Show that if A, B, and C are the angles of an acute triangle, then tan A + tan B + tan C = tan A tan B tan C.
I tried drawing perpendiculars and stuff but it doesn't seem to work?
For me, the trig identities don't seem to plug in as well.
Help is appreciated, thanks.
Thanks a ton!
C = 180-(A+B), so
tan C = -tan(A+B) = (tanA+tanB)/(tanAtanB-1)
tanA+tanB+tanC
= tanA+tanB + (tanA+tanB)/(tanAtanB-1)
= (tanA+tanB)(1 + 1/(tanAtanB-1))
= (tanA+tanB)(tanAtanB)/(tanAtanB-1)
= (tanAtanB)(tanA+tanB)/(tanAtanB-1)
= tanAtanBtanC
To prove the given statement, we will make use of the basic trigonometric identity:
tan(A + B) = (tan A + tan B) / (1 - tan A tan B).

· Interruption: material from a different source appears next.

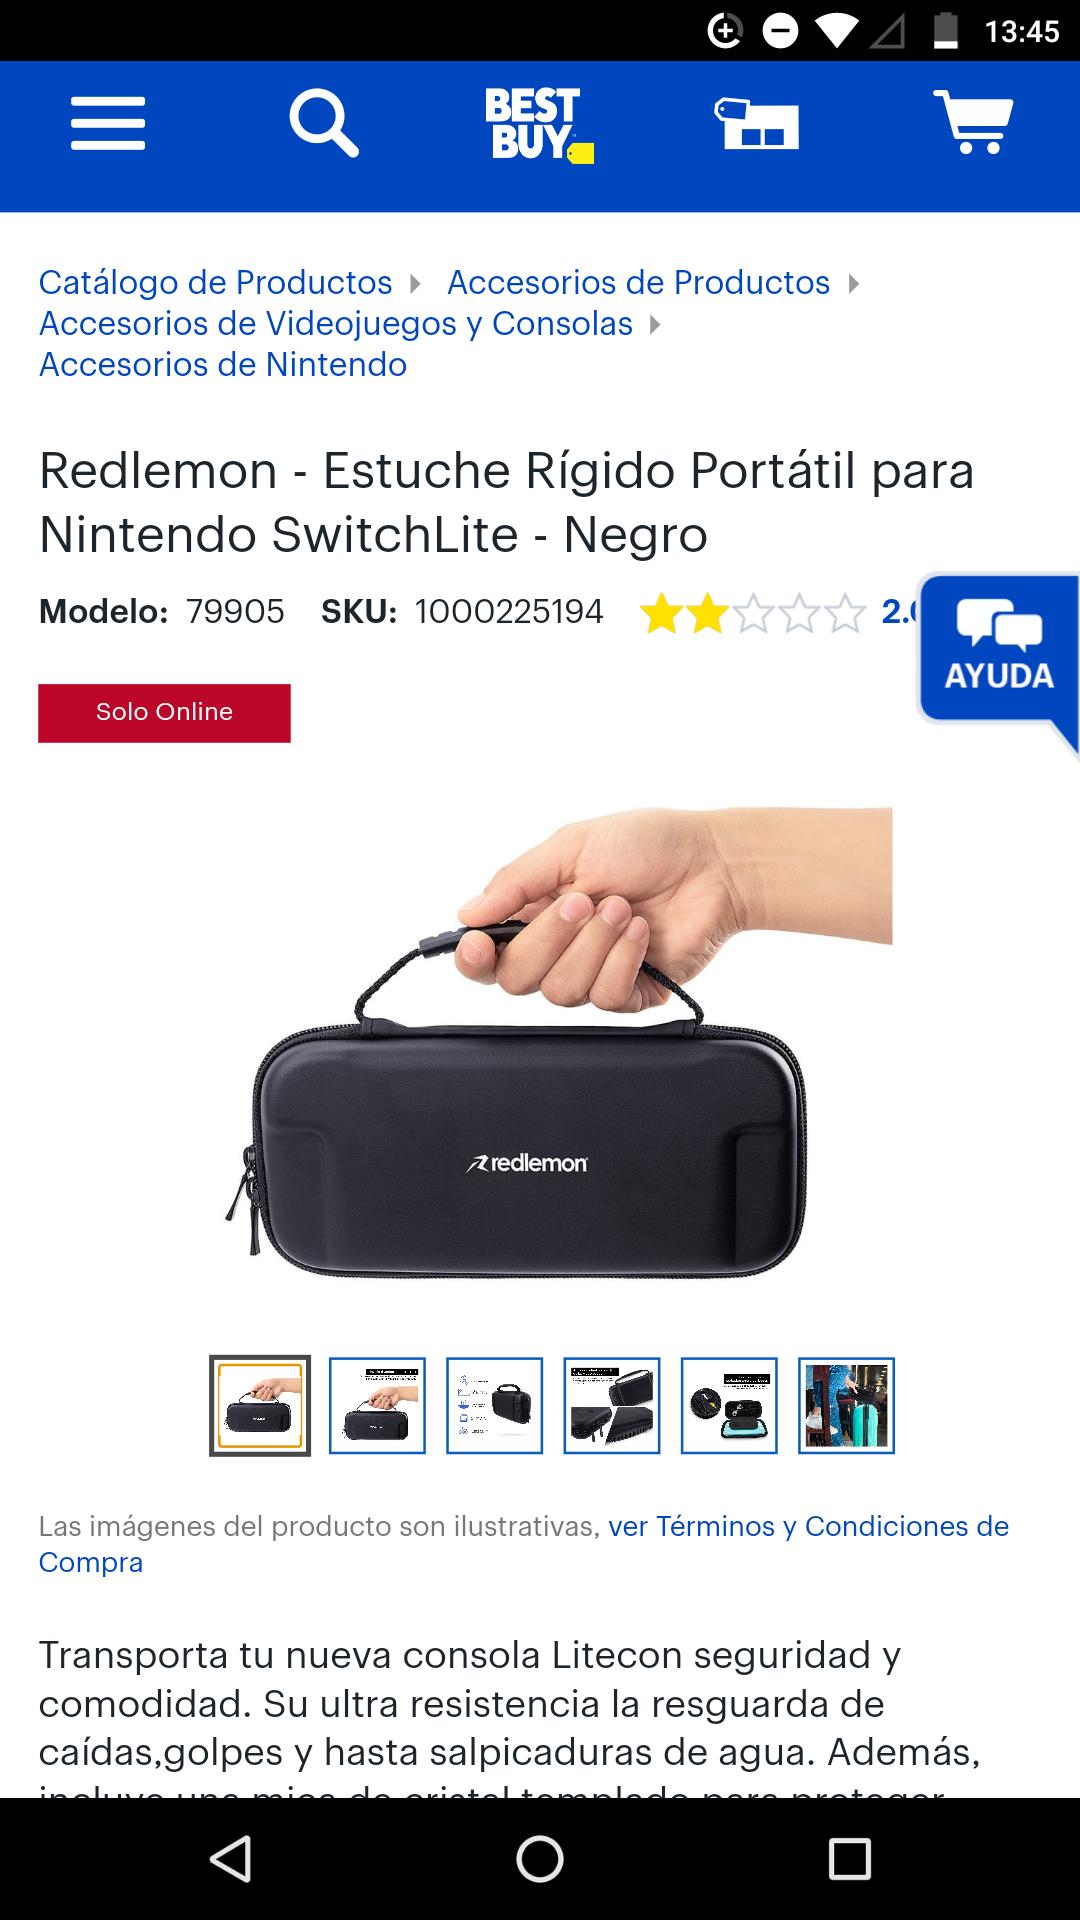 Best Buy: Redlemon - Estuche Rígido Portátil para Nintendo SwitchLite - Negro

First, let's write the expression we want to prove:
tan A + tan B + tan C = tan A tan B tan C.
We know that the angles A, B, and C are the angles of an acute triangle, which means that they are all less than 90 degrees. Furthermore, we also know that the sum of the angles in a triangle is 180 degrees:
A + B + C = 180.
Now, consider the sum of two angles A and (B + C):
A + (B + C) = 180.
We can rewrite this equation as:
A = 180 - (B + C).
Let's substitute this expression for A into our original equation:
tan(180 - (B + C)) + tan B + tan C = tan(180 - (B + C)) tan B tan C.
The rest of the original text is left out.